У ворот дежурил полицейский констебль и, прежде чем меня пропустить, с кем-то переговорил по рации. Я поставил машину на раскрошившуюся асфальтовую площадку рядом с полицейскими автомобилями и фургоном перед брошенными устричными ангарами. Когда, одеревеневший от долгой езды, я вышел из теплого салона, холодное утро обрушилось на меня, словно душ. Воздух полнился криком чаек, и в нос ударил запах гниющих водорослей с солоноватым земным привкусом открывшегося дна. Сделав глубокий вдох, я обвел глазами картину приливно-отливного пейзажа. Вода ушла, и эстуарий выглядел так, словно некий великан прокопал длинный ров, оставив после себя лишь ровною грязь с пойманными в ловушку лужами. Было в этом что-то от унылой лунной оголенности. Но прилив уже начался, и вода прибывала: в трещинах на дне русла, наполняя их до краев, заструились ручейки.

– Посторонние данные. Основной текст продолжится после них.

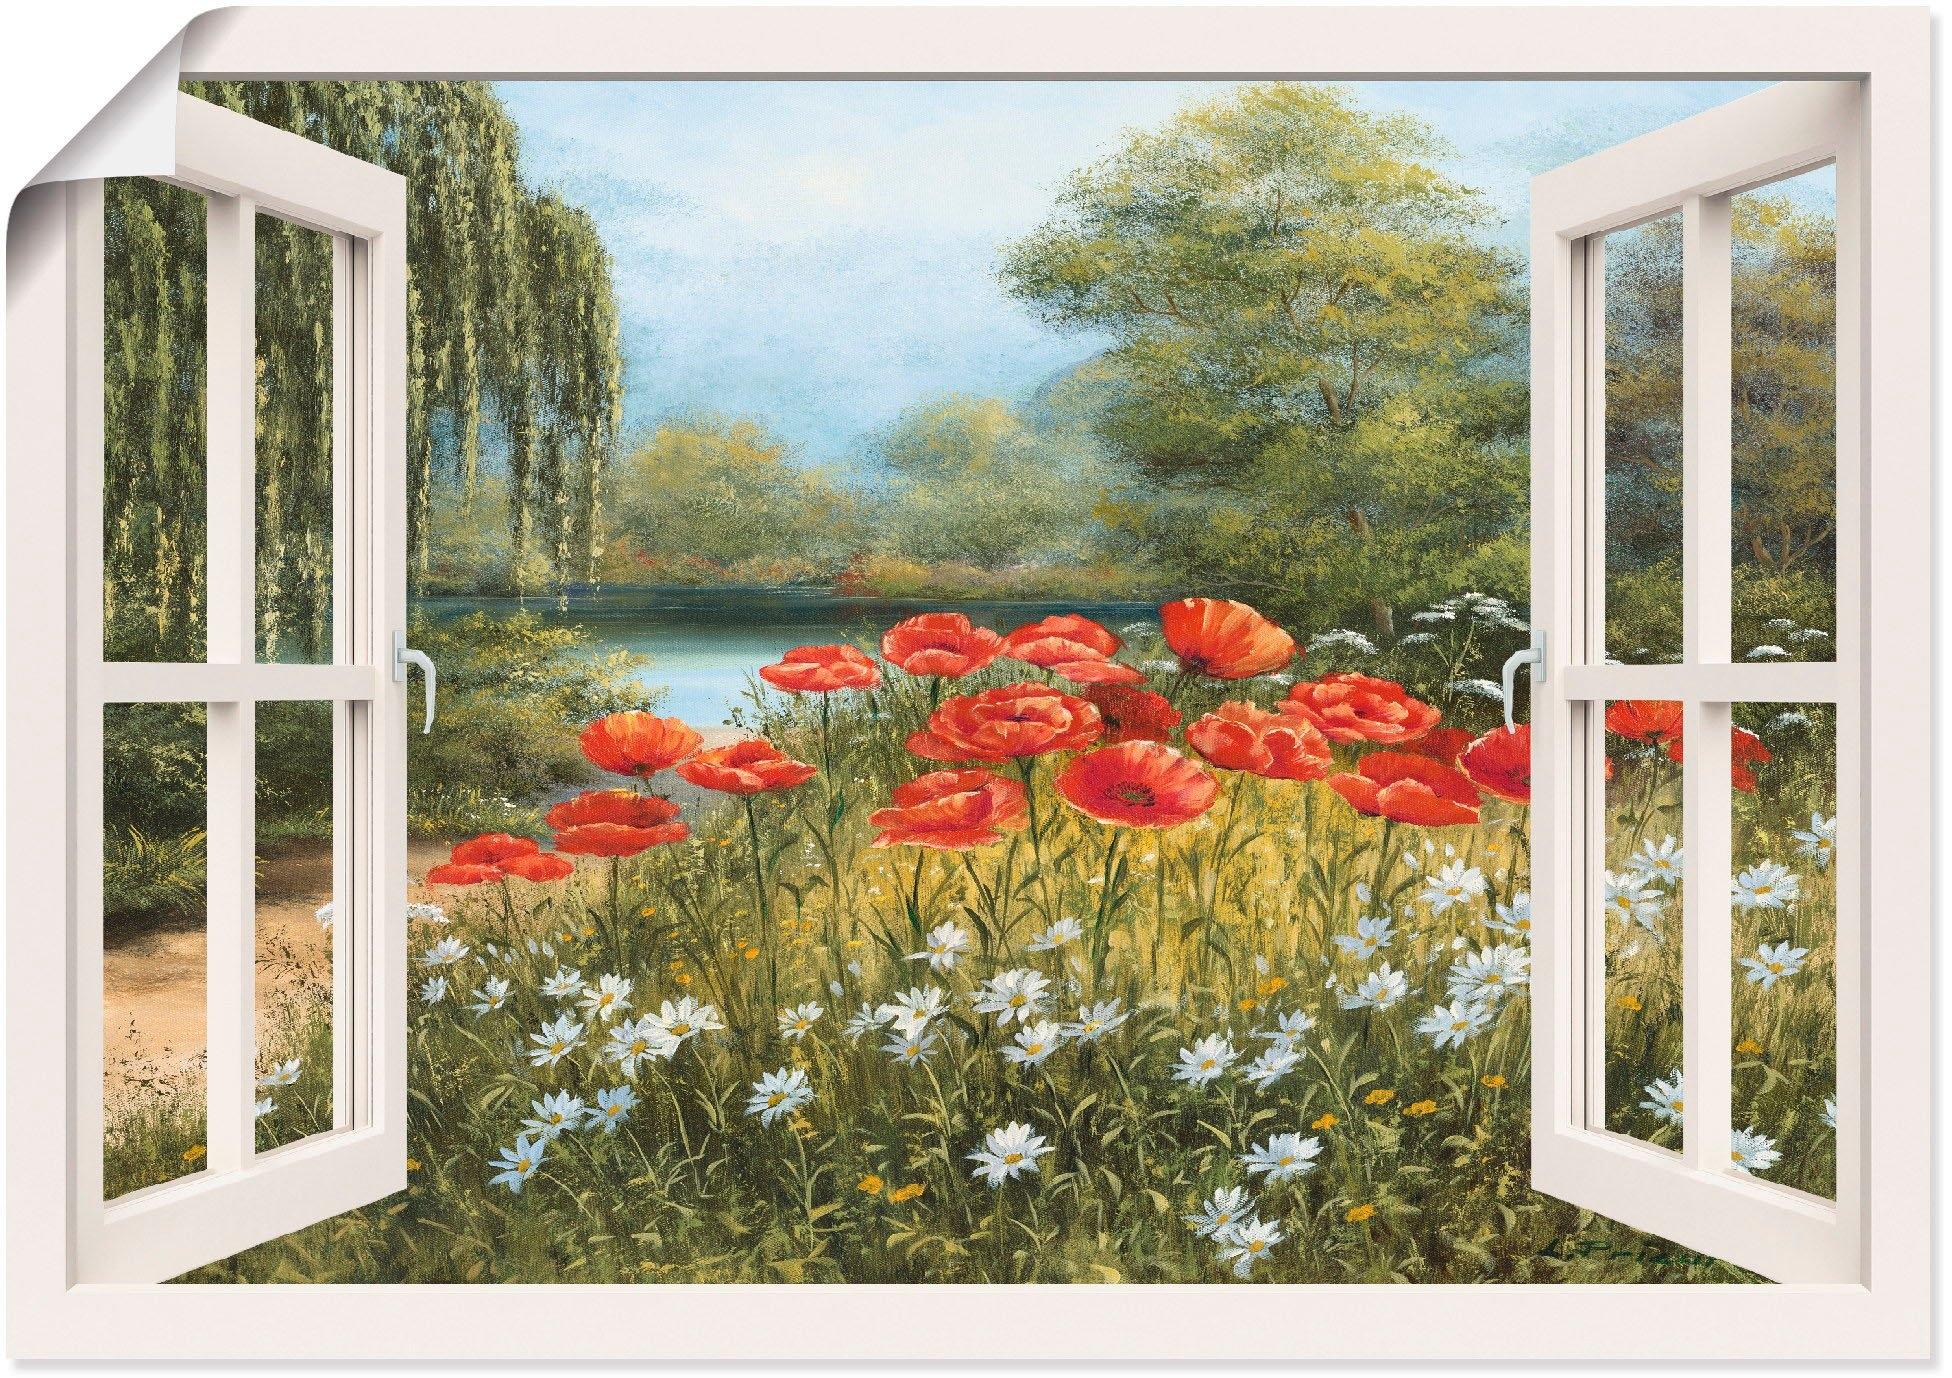 Artland artprint »Fensterblick Mohnwiese« goedkoop op otto.nl kopen

Изменившийся ветер принес ритмичное тарахтение вертолета – то ли полицейского, то ли береговой охраны. Я различил сновавшее на воде взад и вперед пятнышко. Те, кто занимались поиском, хотели по максимуму воспользоваться световым днем и низкой водой. Плавающее тело выделяет недостаточно тепла, чтобы его засекло инфракрасное оборудование, его также трудно обнаружить с воздуха, особенно если оно перемещается под поверхностью. Немного времени, чтобы найти останки, затем вода поднимется и снова их унесет.
Так что хватит бредить, приступай к делу. Полицейский в фургоне сообщил мне, что инспектор Ланди находится на стороне причала. Я обошел закрытые устричные ангары и, выйдя с фасада и увидев в конце бетонного эллинга фургон с полицейской жестко-корпусной надувной лодкой на прицепе, понял, почему поиски решили начать с этого места. Эллинг понижался к глубокому каналу в дне сразу за набережной. Прилив зальет первым делом его и позволит спустить лодку на воду до того, как наполнится все устье. Глубины пока не хватало, но, судя по воронкам и завихрениям на поверхности, ждать придется недолго.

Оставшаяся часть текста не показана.